How to count number of occurrence consecutive pattern spanning over lines in Bash?


For example, I have a file like this. How can I count the number of occurrences of consecutive N's spanning over lines?

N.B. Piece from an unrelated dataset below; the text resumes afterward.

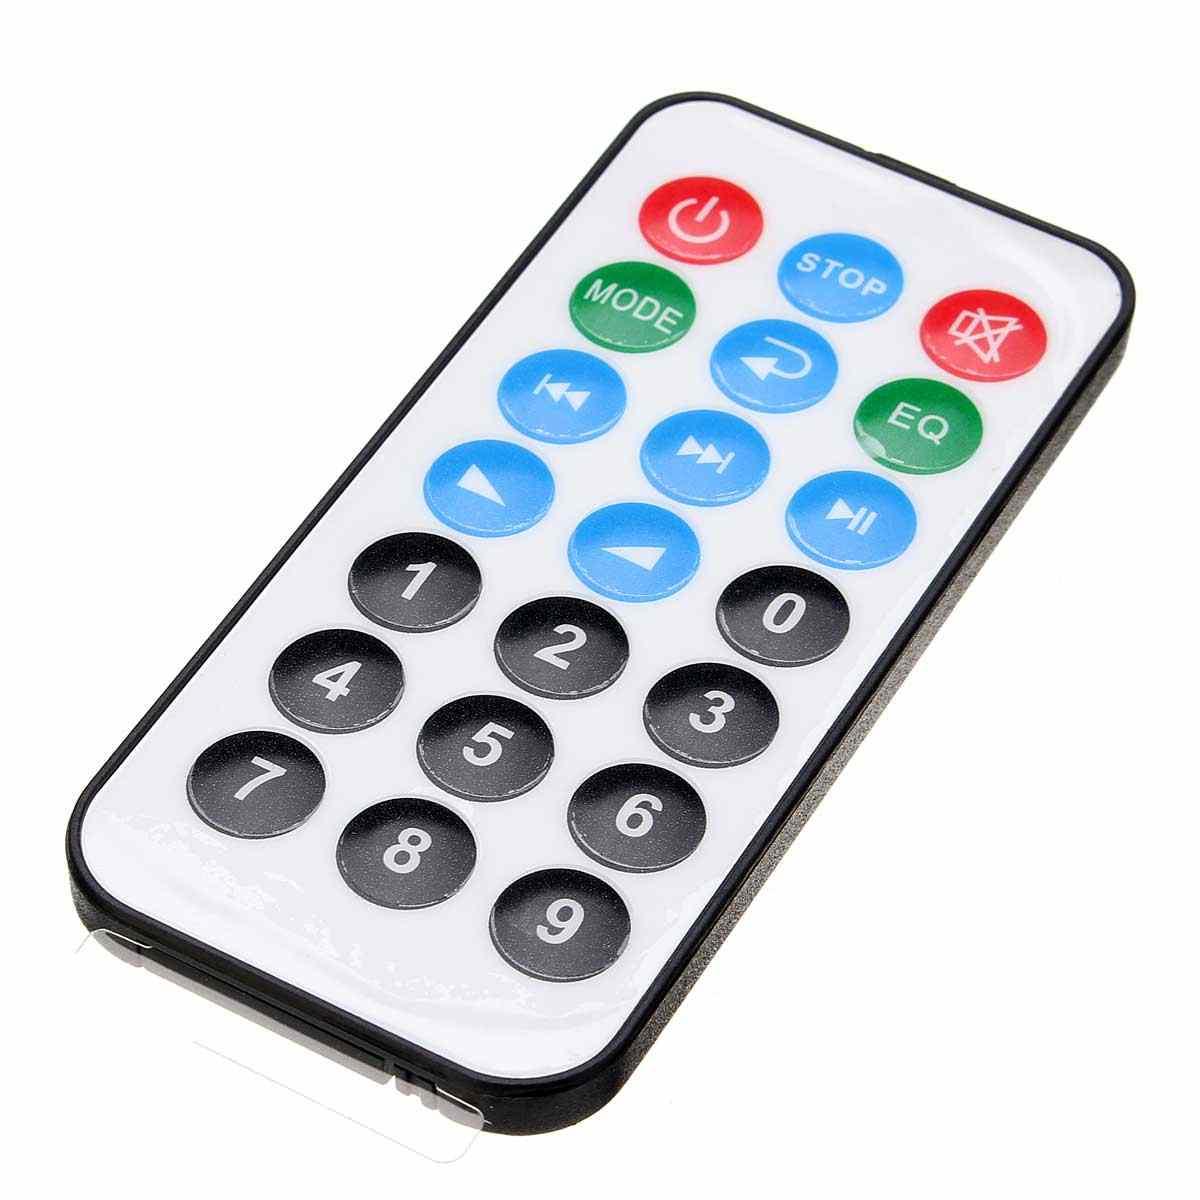 LEORY Profissional Rádio Decodificador Bordo Módulo de Áudio Sem Fio bluetooth 4.0 MP3 12 V WMA WAV APE FLAC MP3 Controle APP para o Carro

NNNNNNNNNNNNNNNNNNNNNNNNNNNNNNNNNNNNNNNNNNNNNNNNNN
CACTGCTGTCACCCTCCATGCACCTGCCCACCCTCCAAGGATCNNNNNNN
NNNNNNNNNNNNNNNNNNNNNNNNNNNNNNNNNNNNNNNNNNNNNNNNNN
NNNNNNNNNNNNNNNNNNNNNNNNNNNNNNNNNNNNNNNNNNNNNNNNNN
NNNNNNNNNNNNNNNGgtgtgtatatatcatgtgtgatgtgtggtgtgtg
gggttagggttagggttaNNNNNNNNNNNNNNNNNNNNNNNNNNNNNNNN
NNNNNNNNNNNNNNNNNNNNNNNNNNNNNNNNNNNNNNNNNNNNNNNNNN
NNNNNNNNNNNNNNAGaggcatattgatctgttgttttattttcttacag
ttgtggtgtgtggtgNNNNNNNNNNNNNNNNNNNNNNNNNNNNNNNNNNN

The expected result is 4 because there are 4 groups of N.
I tried grep -Eozc 'N+', but the result is 1.
If possible, I hope the line number and length of N can be shown too.


Solution

  • awk '$1=$1' FS='' OFS='\n' file | uniq -c | grep -c N
    

    or

    tr -d '\r\n' < file | grep -o 'N*' | grep -c .
    

    Output:

    4